Создание нового gMSA. Убедитесь, что новый объект gMSA использует новый объект корневого ключа KDS для создания значения атрибута
msds-ManagedPasswordID.Примечание.
Этот шаг является необязательным, но он позволяет проверить, что новый корневой ключ KDS в настоящее время используется и используется в службе распространения ключей Майкрософт.
msds-ManagedPasswordIDПроверьте значение первого созданного gMSA. Значением этого атрибута являются двоичные данные, которые включают GUID соответствующего объекта корневого ключа KDS.Например, предположим, что объект корневого ключа KDS имеет следующее
CN.
Объект gMSA, созданный с помощью этого объекта, имеет
msds-ManagedPasswordIDзначение, похожее на следующее изображение.
В этом значении данные GUID начинаются со смещения 24. Части GUID находятся в другой последовательности. На этом изображении красные, зеленые и синие разделы определяют переупорядоченные части. Оранжевый раздел определяет часть последовательности, которая совпадает с исходным ИДЕНТИФИКАТОРом GUID.
Если первый созданный ключ GMSA использует новый корневой ключ KDS, все последующие gMSAs также используют новый ключ.
В зависимости от следующего свертывания паролей секреты gMSAs будут естественно свернуты, а новые пароли будут созданы на основе нового объекта корневого ключа KDS по запросу.
Примечание.
Если используемые gMSAs свернуты, но неиспользуемые gMSAs с тем же интервалом свертки не были, и они
PrincipalsAllowedToRetrieveManagedPasswordзаполнены параметром, можно запуститьTest-ADServiceAccountкомандлет. Он использует субъект, который может получить пароль gMSA, и этот шаг затем перемещает gMSA в новый корневой ключ KDS.Убедитесь, что все gMSAs свернуты.
Примечание.
GMSA без параметра никогда
PrincipalsAllowedToRetrieveManagedPasswordне будет выполняться.После того как все gMSAs перевернулись в новый объект корневого ключа KDS, удалите старый объект корневого ключа KDS и проверьте репликацию.

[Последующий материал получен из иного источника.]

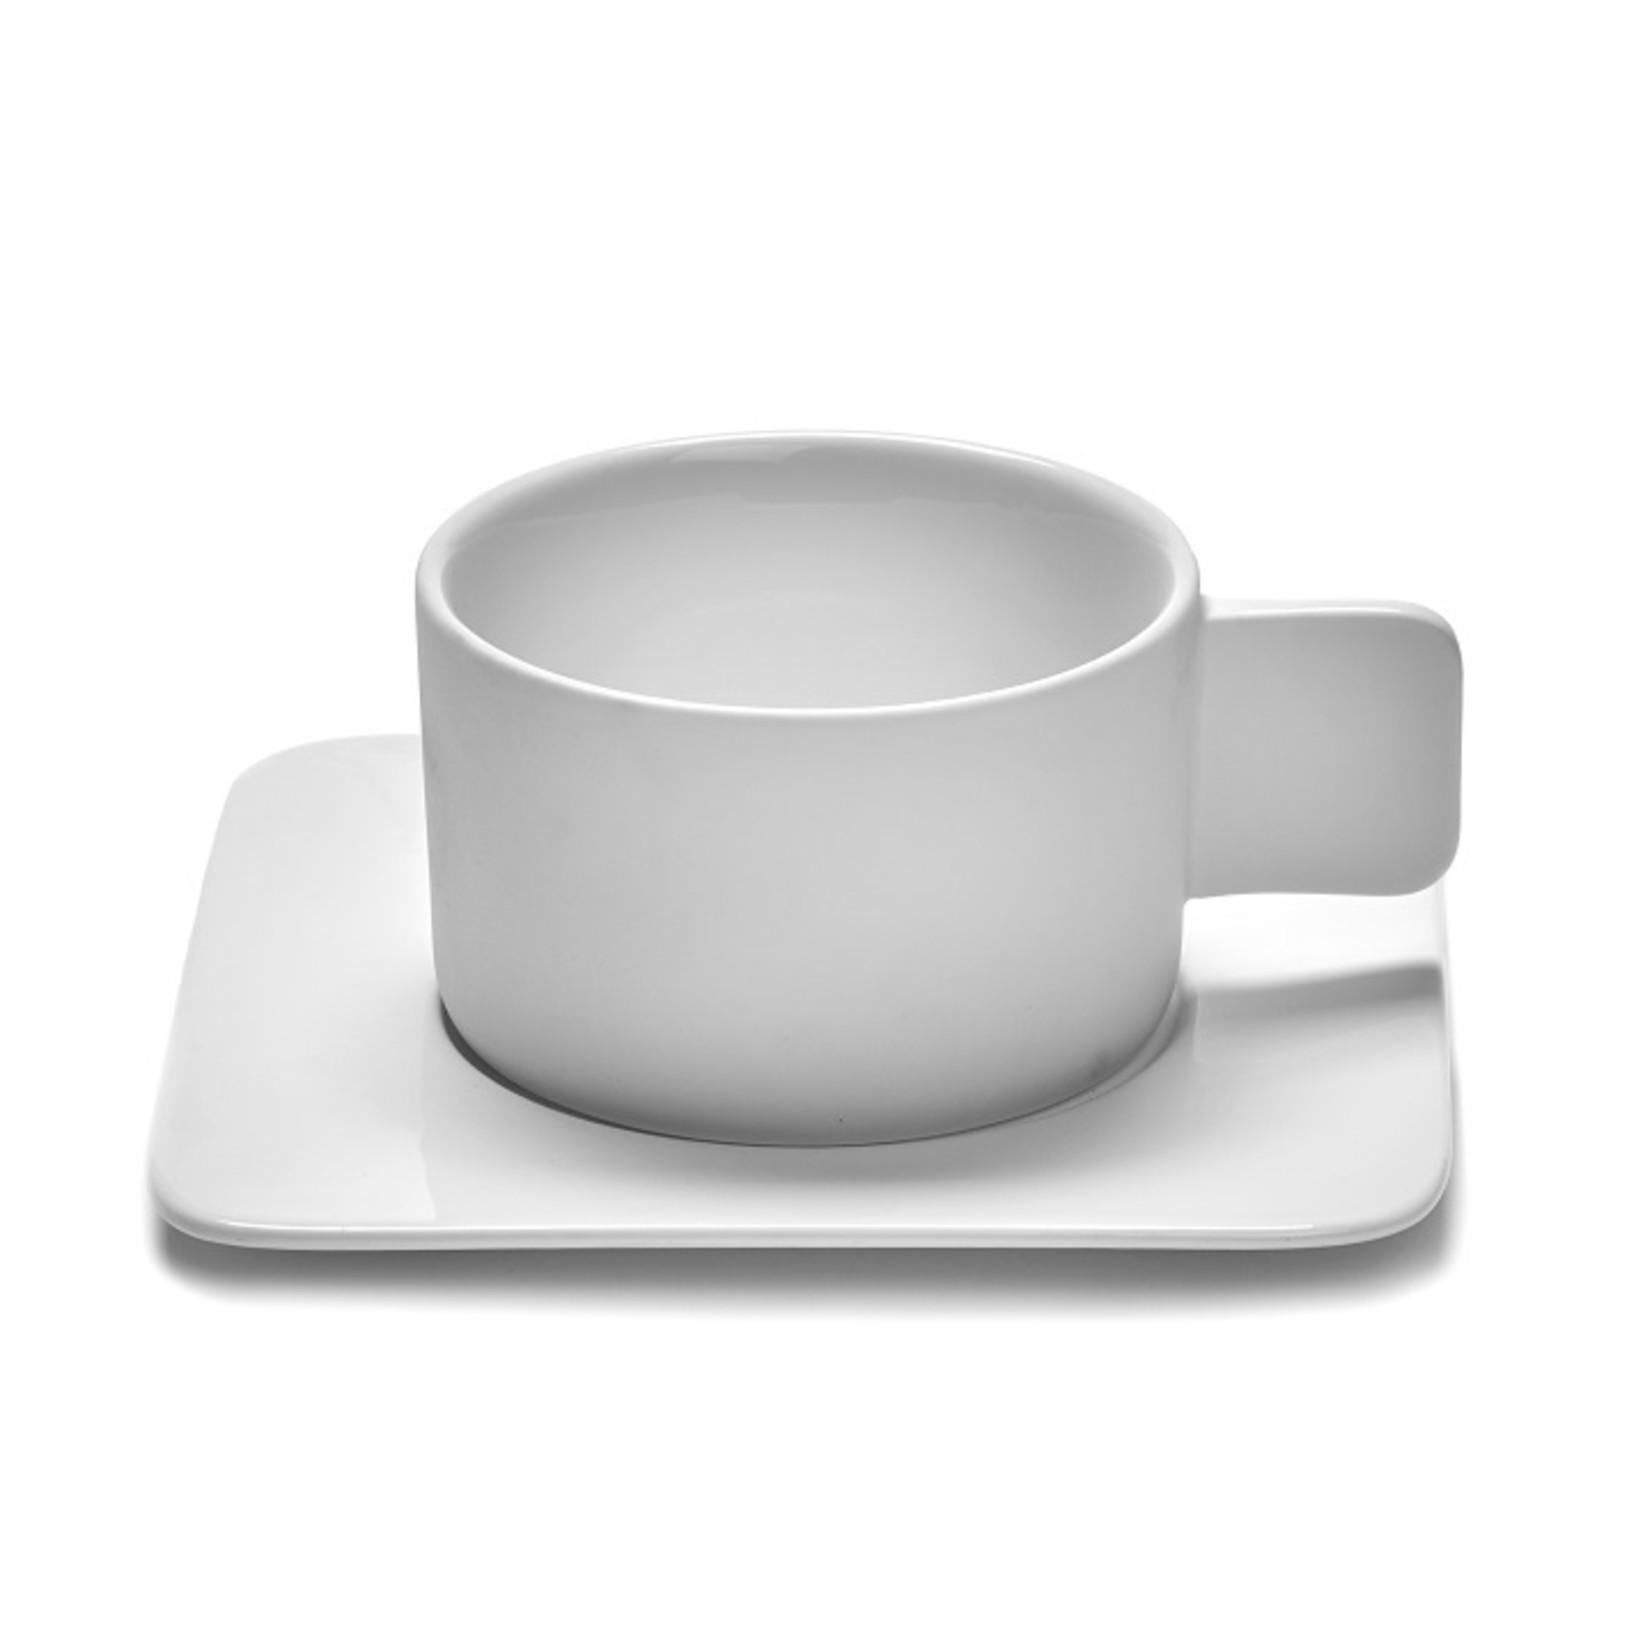 SERAX SAUCER CAPPUCCINO CUP HEII

Перезапустите службу распространения ключей Майкрософт на всех контроллерах домена.
Ссылки
Group Managed Service Accounts Overview (Обзор групповых управляемых учетных записей служб);
Заявление об отказе от ответственности за контактные данные сторонней организации
Корпорация Майкрософт предоставляет контактные данные сторонних производителей в целях получения дополнительных сведений по данной теме. Эти данные могут быть изменены без предварительного уведомления. Корпорация Майкрософт не гарантирует точность контактных данных сторонних производителей.